Cross-Validation 交叉驗證

• 計算預測誤差
• 直接切分訓練、測試資料集
• Cross-Validation 交叉驗證
  • [R code]
• Leave one out cross-validation(LOOCV) 留一交叉驗證
  • [R code]
• K-fold cross-Validation K 折交叉驗證
  • [R code]
• [Python code] (補充)
  • Holdout validation (Validation Set Approach)
  • Leave One Out Cross Validation (LOOCV)
  • K-Fold Cross-Validation (K=10)
  • Kaggle 資料示範程式

前言

昨天有講到要進行模型選擇和評估時，就需要將資料分為訓練、驗證、測試集。

當資料量足夠時可以直接去切分資料(Approach Validation Set)，並用test error 去進行模型評估。
實際案例的資料往往不夠，但我們不會想直接切分資料為訓練和驗證資料，因為這會浪費了驗證集可供我們訓練模型的資訊，所以這時候就適和使用 「Cross-Validation 交叉驗證」的方法切分資料。

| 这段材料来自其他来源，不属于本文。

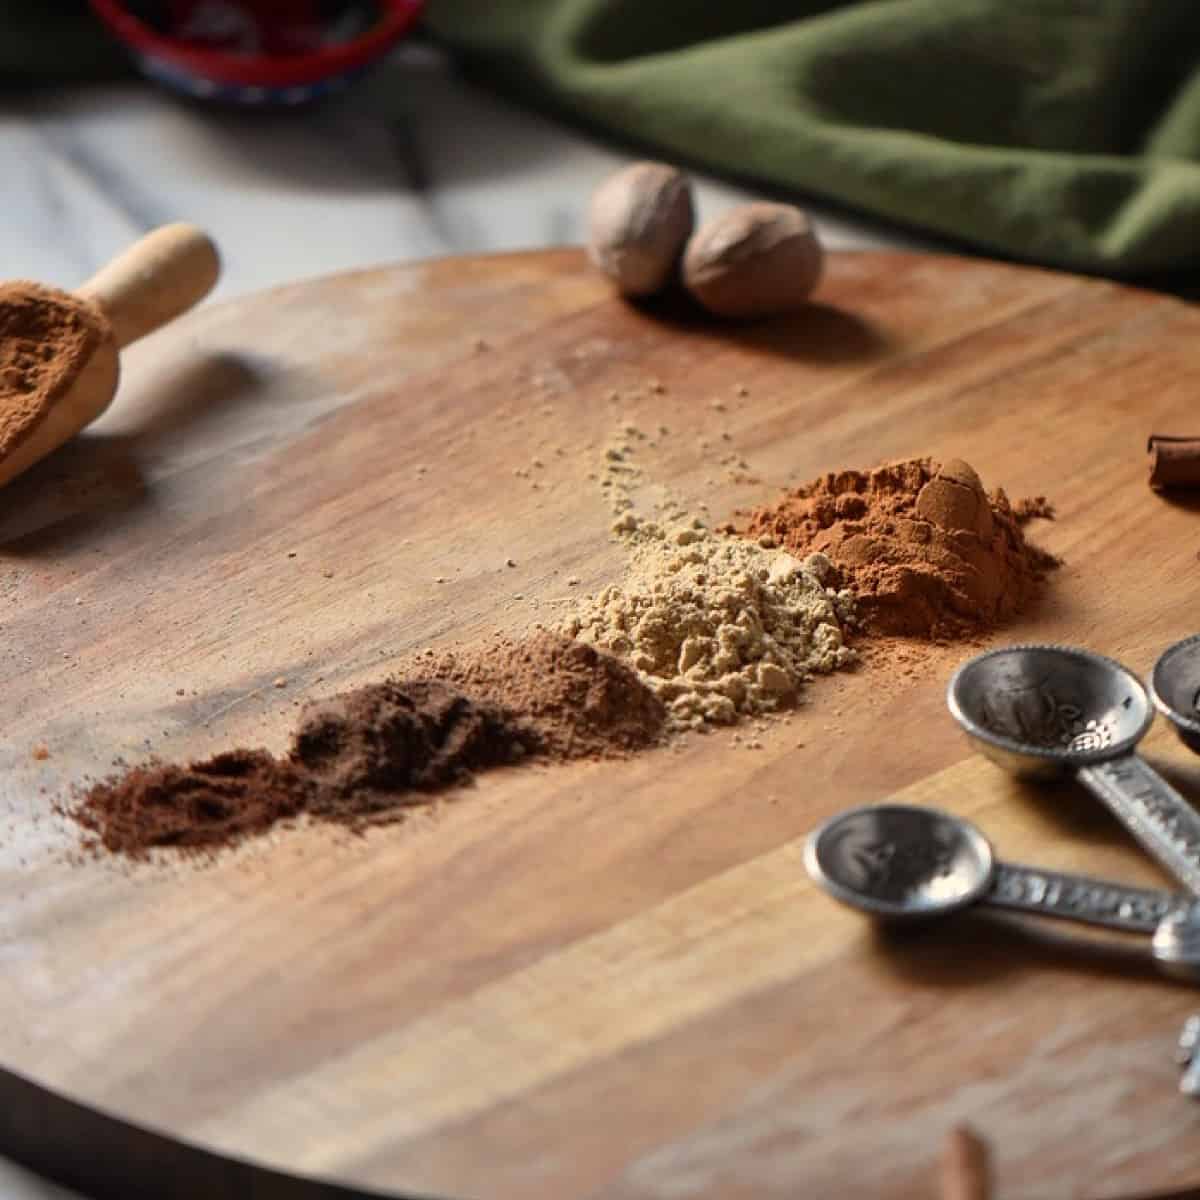 Pumpkin Spice aka Pumpkin Pie Spice is simply made by combining cinnamon, ginger, nutmeg, allspice and cloves. The perfect spice for fall baking!

測試集(test data)是評估用得資料，我們不能使用他去訓練、挑選模型，因為一旦使用了測試集，它就喪失了模擬預測新資料的能力。除此之外，我們更不能隨意減少測試集的占比，已免它無法充分模擬未知資料的情況。
這時若模型要進行「超參數 Hyperparameter」的挑選或是決定最終模型時就需要從測試及以外的資料拿取部分作為檢驗(驗證)使用。

計算預測誤差

建立迴歸模型時，從驗證集裡計算預測誤差的統計方法:

• Root Mean Squared Error (RMSE): 實際值和預測值間的均方差，適用於連續反應變數(Y)
• Mean Absolute Error (MAE): 實際值和預測值間的平均差，適用於連續反應變數(Y)
• R-squared (越高愈好): 反映模型解釋 Y 的能力。

Validation Set Approach 直接切分訓練、測試資料集

資料量充足，可以直接切分資料集，獲取驗證資料。

• [R code] 示範切割 80%Training data 20% Test data

library(tidyverse) # easy data manipulation and visualization
library(caret) # computing cross-validation methods

set.seed(123)
 
# creating training data as 80% of the dataset
random_sample <- createDataPartition(data $ Y,
                                p = 0.8, list = FALSE)  #0.8= 80%

# from the random_sample
training_dataset  <- data[random_sample, ] 
# from rows which are not included in random_sample
testing_dataset <- marketing[-random_sample, ]

## 建立模型
model <- lm(Y ~., data = training_dataset) ## training_dataset
# predicting the target variable(Y)
predictions <- predict(model, testing_dataset) ## testing_dataset
 
# computing model performance metrics
# 估計預測誤差，可以從這些誤差中 挑出表現最好的最終模型
data.frame( R2 = R2(predictions, testing_dataset $ Y),
            RMSE = RMSE(predictions, testing_dataset $ Y),
            MAE = MAE(predictions, testing_dataset $ Y))

Cross-Validation 交叉驗證

當我們把訓練用資料直接切出訓練、驗證集時，需要小心篩選和切分驗證資料，以免驗證集不夠有代表性。在資料數很小的情況下 「Cross-Validation 交叉驗證」是常用的選擇。
常見的交叉驗證方法包含:

• Cross-Validation
  • Leave one out cross-validation(LOOCV)
  • K-fold cross-Validation
    

Leave one out cross-validation(LOOCV) 留一交叉驗證

留一交叉驗證有點像是 K-fold cross-Validation的一種特例，但是每次保留來估計測試誤差的子集僅有一筆資料，也就是說每次都使用(n-1)筆資料去訓練模型。下個段落會講解K-fold切分資料的步驟。這邊先示範 LOOCV 的程式碼:

• [R code] LOOCV 留一交叉驗證

# defining training control
#Leave One Out Cross Validation
library(caret)
train_control <- trainControl(method = "LOOCV") # LOOCV

# training the model by assigning "column Y"
model <- train(Y ~., data = data,
               method = "lm",   # linear model
               trControl = train_control) # training control data
 
# printing model performance metrics
print(model)
## 預測誤差 RMSE, Rsquared, MAE ; 參數挑選 Tuning parameter

K-fold cross-Validation K 折交叉驗證

K-fold cross-Validation 分割資料圖式如上，步驟如下:

1. 隨機將資料( test data 外的資料)切分為k折/子集們(fold/subset)。
2. ( K-1 ) 個子集資料會被用來建立模型，剩下一個子集用來估計測試誤差。
3. 輪流不重複每次由不同的子集作為估計測試誤差的子集，總共進行步驟二 K 次。
4. 最後去計算整體平均的估計測試誤差( Overall test MSE = Average of the K test MSE’s )。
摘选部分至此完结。